Noah Pollak
Contentions/Commentary
14 November 09
As a result [of Obama's Middle East policy], “world opinion” toward Israel has gone from cool to frigid — in Europe especially. U.N. actions such as the Goldstone Report are one manifestation of this; denunciations of Israel, not to mention efforts to prevent Israeli officials from speaking on campuses and indeed to jail them if they come to Europe, are others. The cause is clear: As the United States, Israel’s closest friend, has backed away from Israel since the Obama inauguration, Europeans have backed even farther. They have seen the American coolness as license, indeed encouragement, to excoriate the Jewish state, and have enthusiastically done so.
This could be called Peace Processing 101, and it is obviously a course nobody in the White House has taken. Israel is a small country surrounded by people who hate and continue trying to destroy her. If Israel is to make concessions or take risks for peace, Israelis must feel secure enough to do so. How is this accomplished? The main way is through the U.S.-Israeli relationship. The closeness of the two countries serves the U.S. strategic objective of compelling the Arabs to abandon their quest for eliminating the Jewish state, and it reduces Israel’s fear of taking risks for peace. This is one of the major factors that led to peace with Egypt and Jordan — not Israeli weakness and isolation, but the Arab perception of Israeli strength.

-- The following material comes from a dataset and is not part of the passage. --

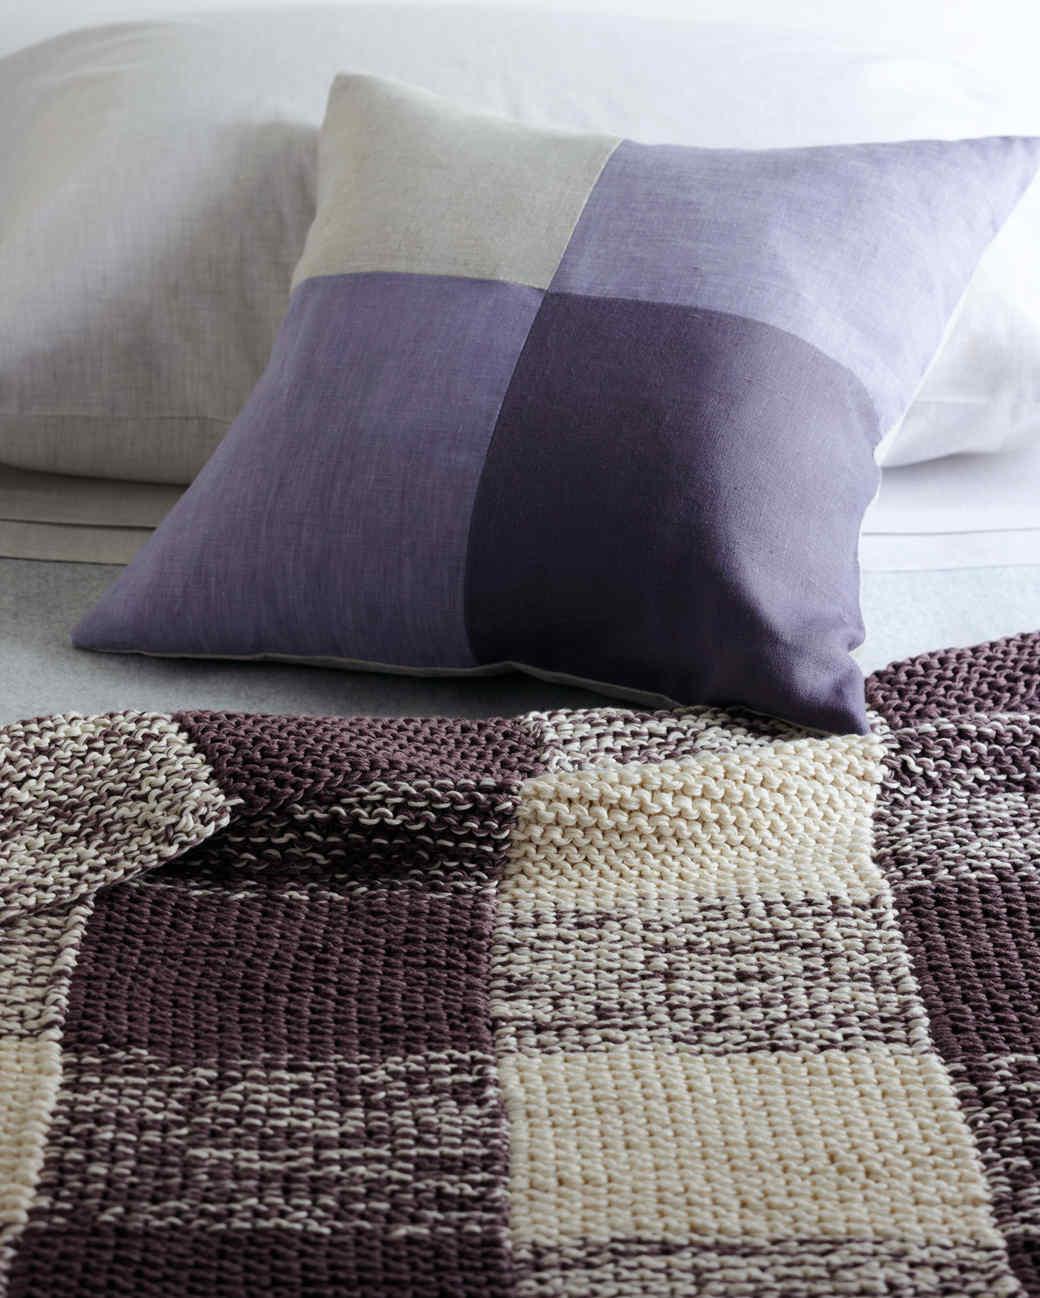 gingham knit blanket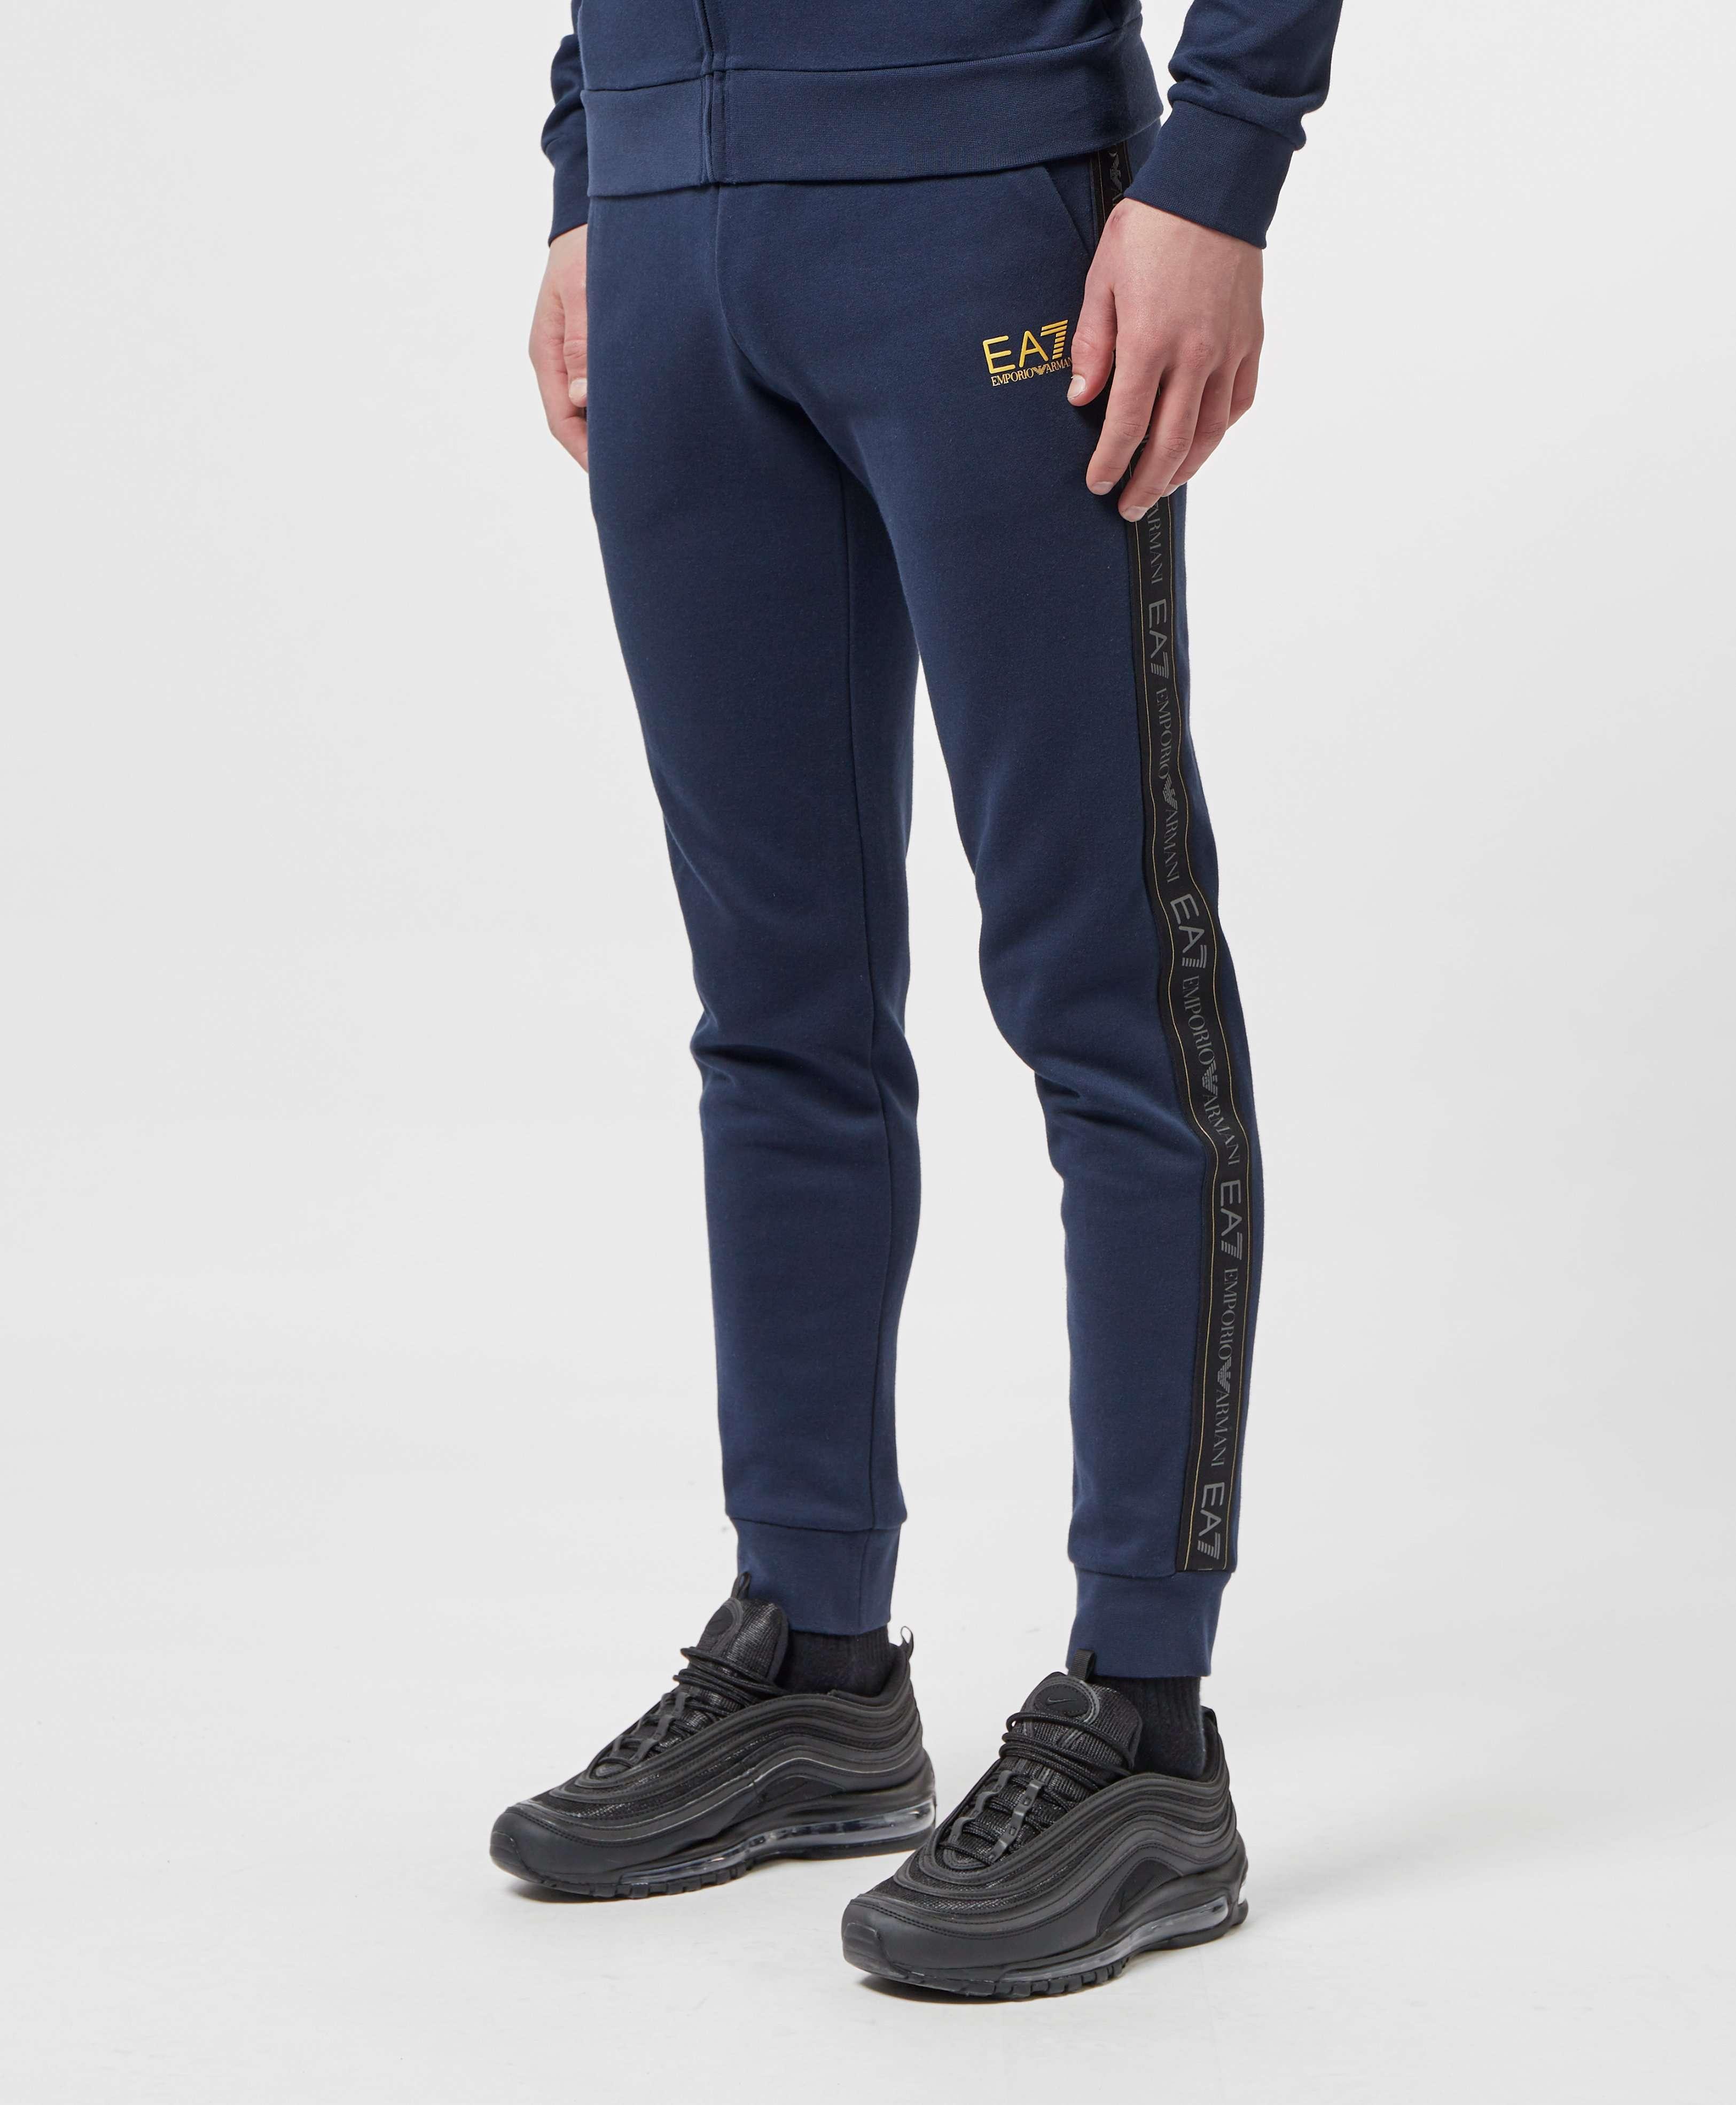 Emporio Armani EA7 Tape Cuffed Fleece Pants - Exclusive

The paradigm described above is premised on the idea that the Arabs have been the major obstacle to peace in the region. But Obama has taken a new tack. His paradigm, which is to create, as he put it recently, “daylight” between the two countries, is premised on something else; not outright Israeli culpability but certainly a belief that Israel has been a major part of the problem.
Changing the paradigm has been a central objective of many liberals, and certainly of the J Street faction. Instead of achieving peace by assuring Israel of its security, the administration is trying to make peace by causing the Israelis to fear they will be abandoned by the United States if they don’t do the White House’s bidding.
But now we can compare the two paradigms: close alliance versus “daylight.” The latter is already a debacle after only a few months in practice. It is opening the global floodgates of Israel-obsessed criticism. It is making Israelis distrust the U.S. — a development that will translate into a democratic veto over concessions and the deleveraging of U.S. influence. It has forced the Palestinians to compete with the White House in hostility to Israel, humiliating Mahmoud Abbas when the administration chose to retreat. Even the existence of the peace process itself — much less actual peace — depends on Israel’s faith in the United States to help protect it from the maelstrom of condemnation that is the “international community’s” favorite hobby. The only question now is whether Professor Obama is capable of learning anything from the Middle East lesson he is being taught.